General characteristics
- Tonnage: 1933–1950: 871 gross register tons (GRT); 1950–1957: 917 GRT; from 1957: 1,014 GRT;
- Length: 252 ft 6 in (76.96 m)
- Beam: 35 ft 1 in (10.69 m)
- Draught: 10 ft 1 in (3.07 m)
- Installed power: 3,500 ihp (2,600 kW)
- Propulsion: 3 Parson Steam Turbines
- Speed: 21 kn (39 km/h)
- Capacity: 2,086

= TS Queen Mary =

Scottish riverine passenger ship

TS Queen Mary is a Clyde steamer launched in 1933 at the William Denny shipyard, Dumbarton, for Williamson-Buchanan Steamers. She is currently being restored as a museum ship, in Glasgow.
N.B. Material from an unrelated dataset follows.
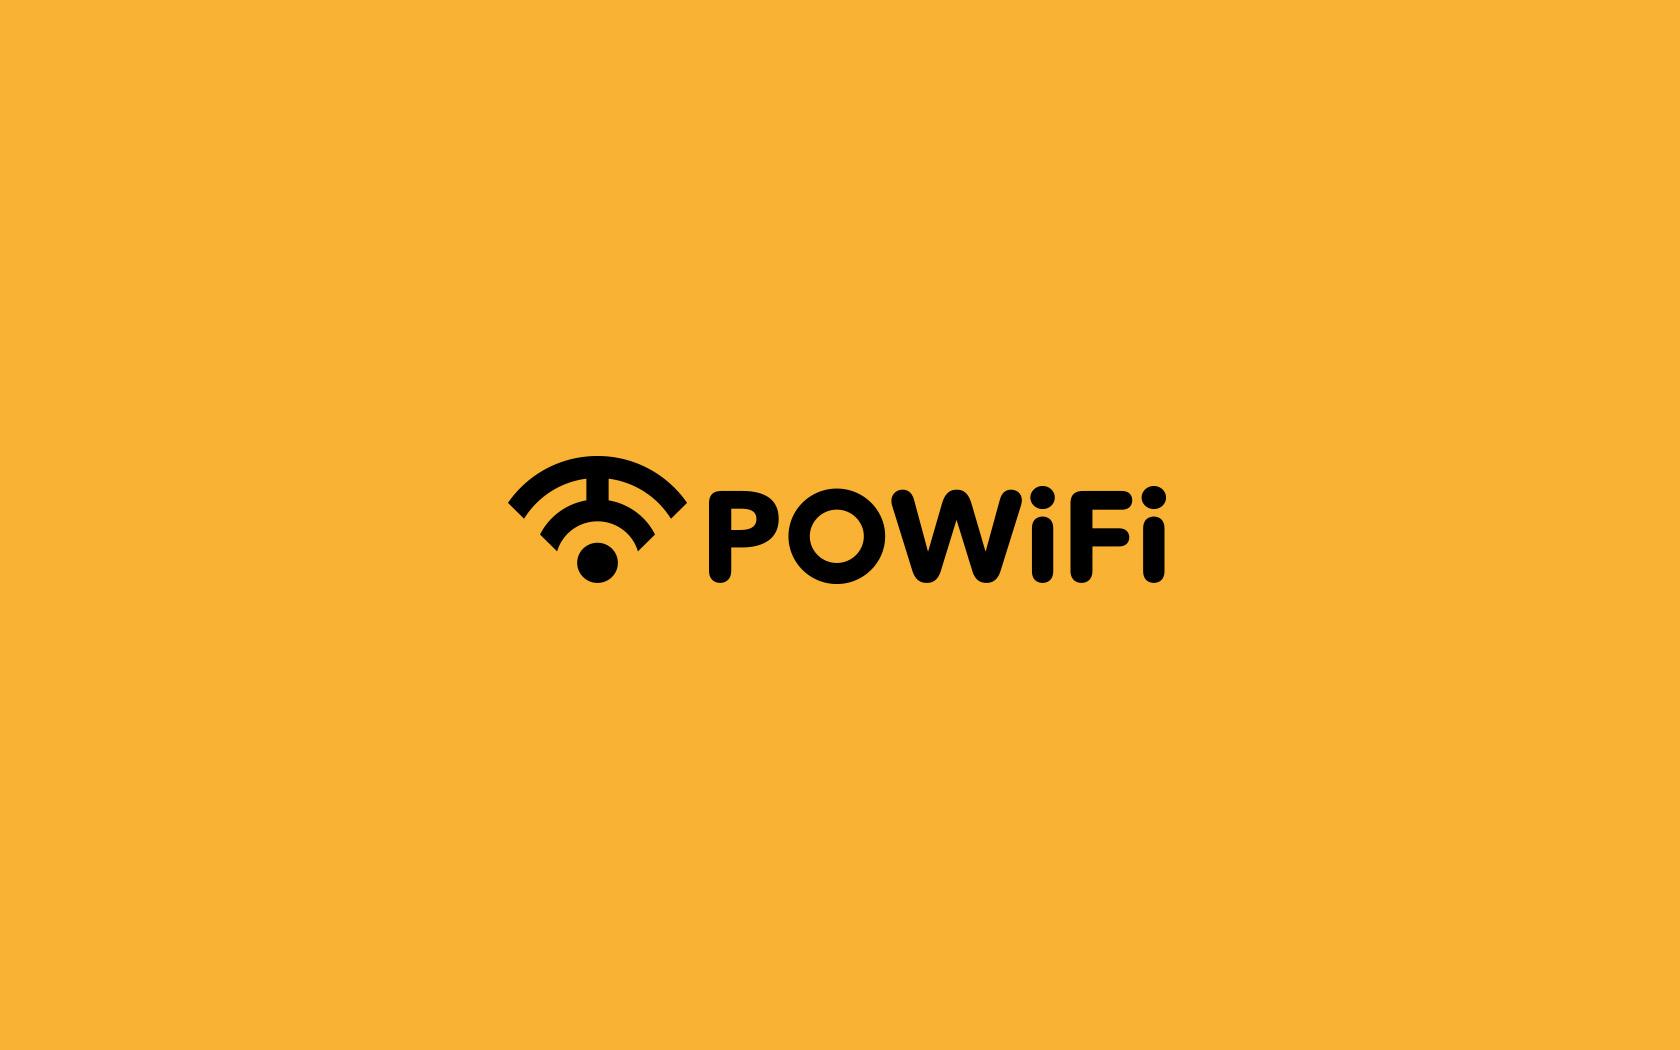 Powifi

==Design and construction==
TS Queen Mary originally measured 871 gross registered tons and was powered by three direct drive steam turbines built by Parsons Marine Steam Turbine Company. The vessel held a passenger certificate for 2,086 passengers, later reduced to 1,820.
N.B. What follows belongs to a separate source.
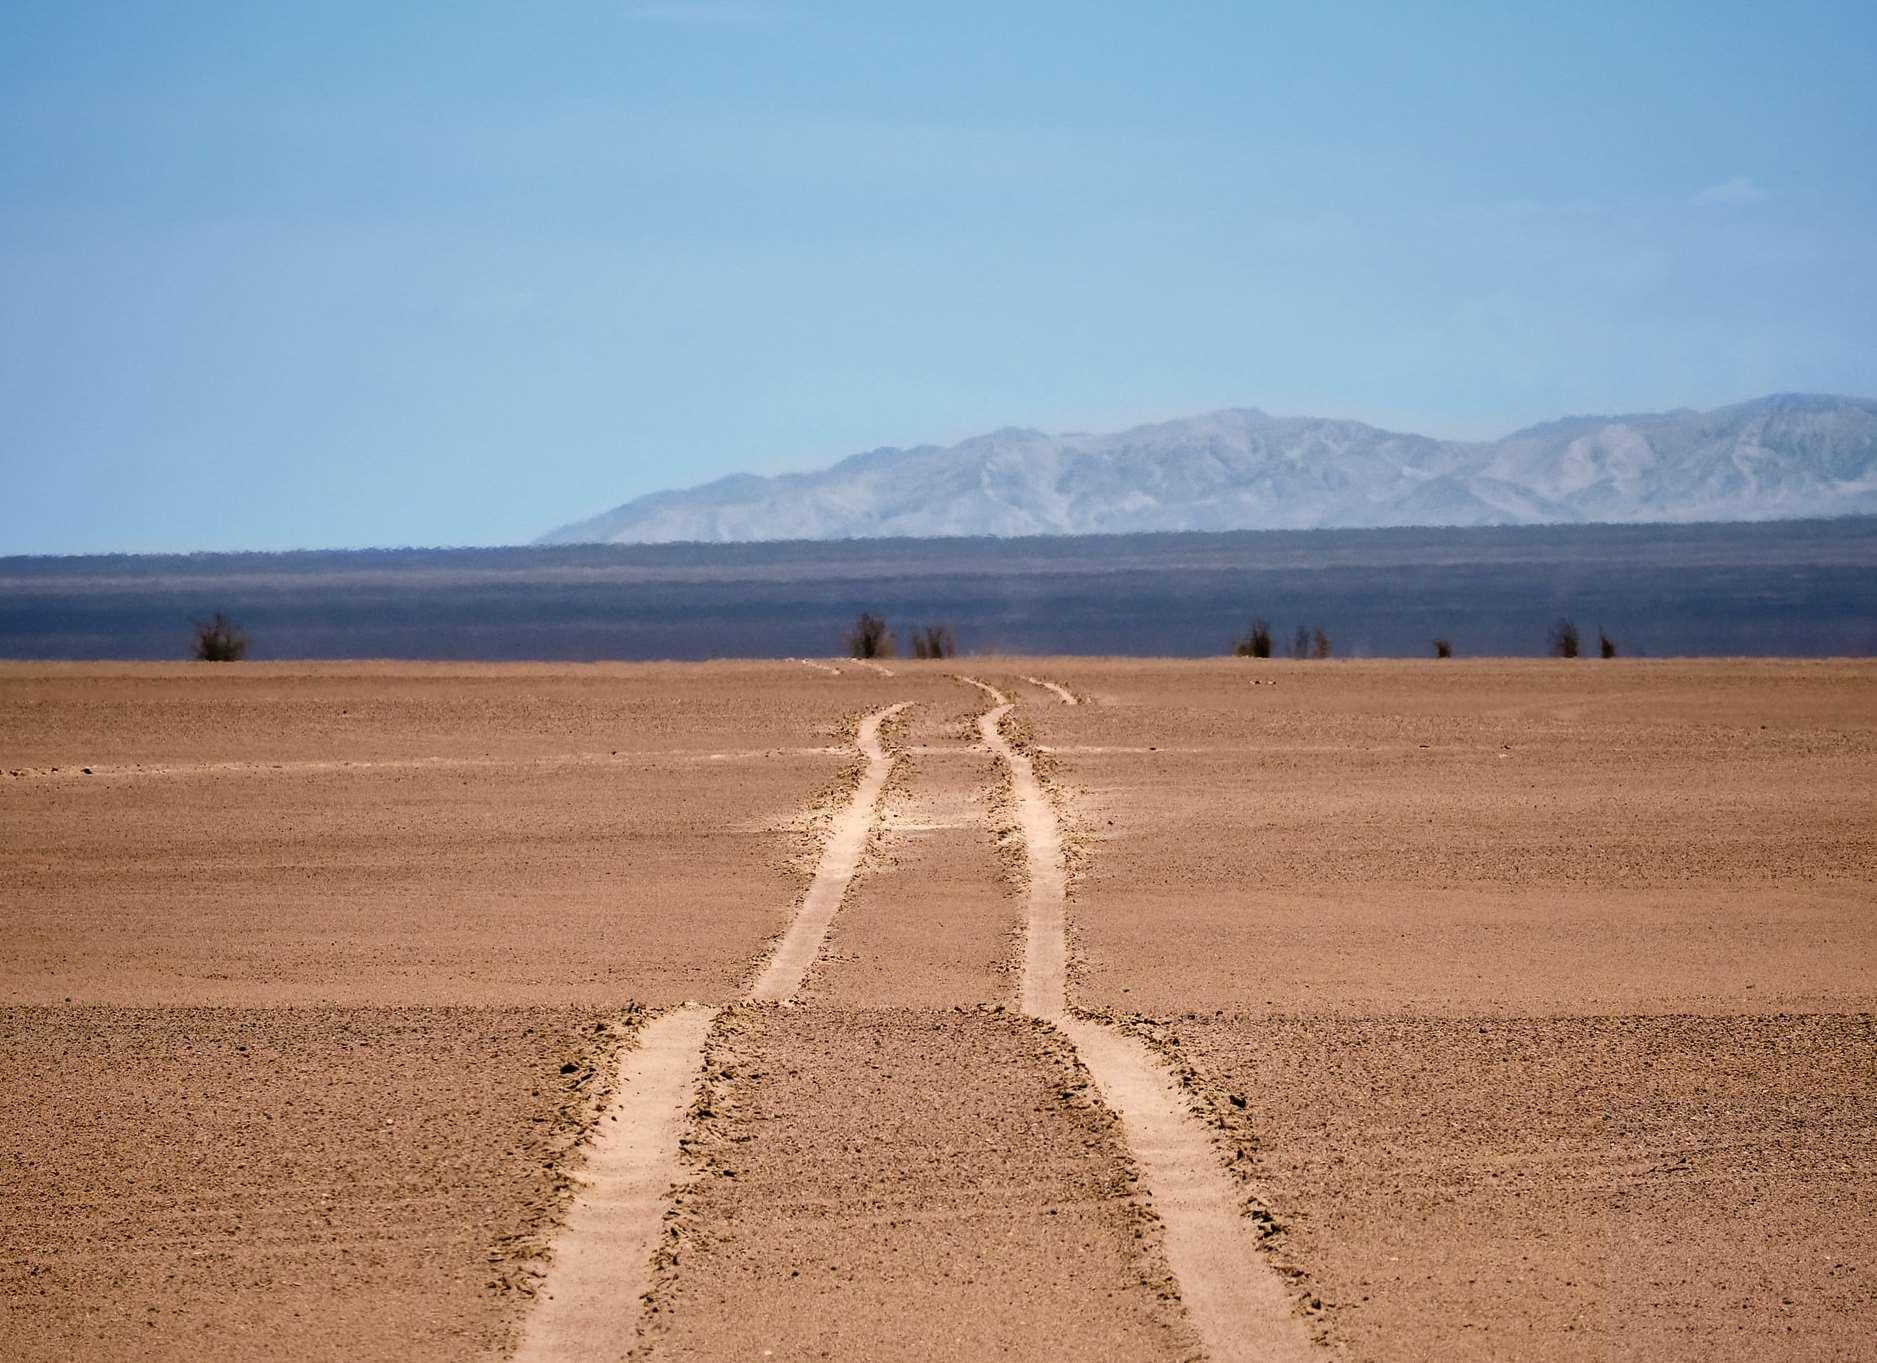 Mirage in desert

Following the completion of her trials during which a maximum speed of 19.7 kn was achieved on the Skelmorlie measured mile, she joined Williamson-Buchanan's fleet on 20 May 1933.

==Service history==
Williamson-Buchanan based TS Queen Mary at Glasgow's Bridge Wharf, where she carried approximately 13,000 passengers each week.

TS Queen Mary sailed during the summer season for the Arran coast, or for the Kyles of Bute.

In 1935, Cunard Line asked Williamson-Buchanan to change the name of TS Queen Mary to TS Queen Mary II, in order to make the name available for their new flagship liner, which was due to be launched by Queen Mary. The owners of Williamson-Buchanan agreed and in exchange, Cunard Line presented them with a portrait of Her Majesty to hang in the forward lounge of the steamer.

In 1936, the entire Williamson-Buchanan fleet, including TS Queen Mary II, passed into the ownership of the London, Midland and Scottish Railway Company. Later that same year she joined Williamson-Buchanan Steamers (1936) Ltd.

During World War II the steamer provided a mail and passenger service to the Scottish Islands.

Queen Mary II was refitted and repainted in LMS colours after the war and returned to her normal passenger service. In 1948, nationalisation of the railways brought all the remaining passenger ships under the ownership of the Caledonian Steam Packet Company.

Over the winter of 1956-1957, Barclay Curle changed the fuelling of the propulsion system from coal to oil. This necessitated removing the two original Scotch boilers and replacing them with one new single ended boiler and the installation of a single funnel in place of the original two. In addition, a new mainmast was added so that TS Queen Mary II now had the requisite two required to meet the new regulations for ship lighting. After all of this work was completed, the vessel's tonnage increased to 1014 GRT.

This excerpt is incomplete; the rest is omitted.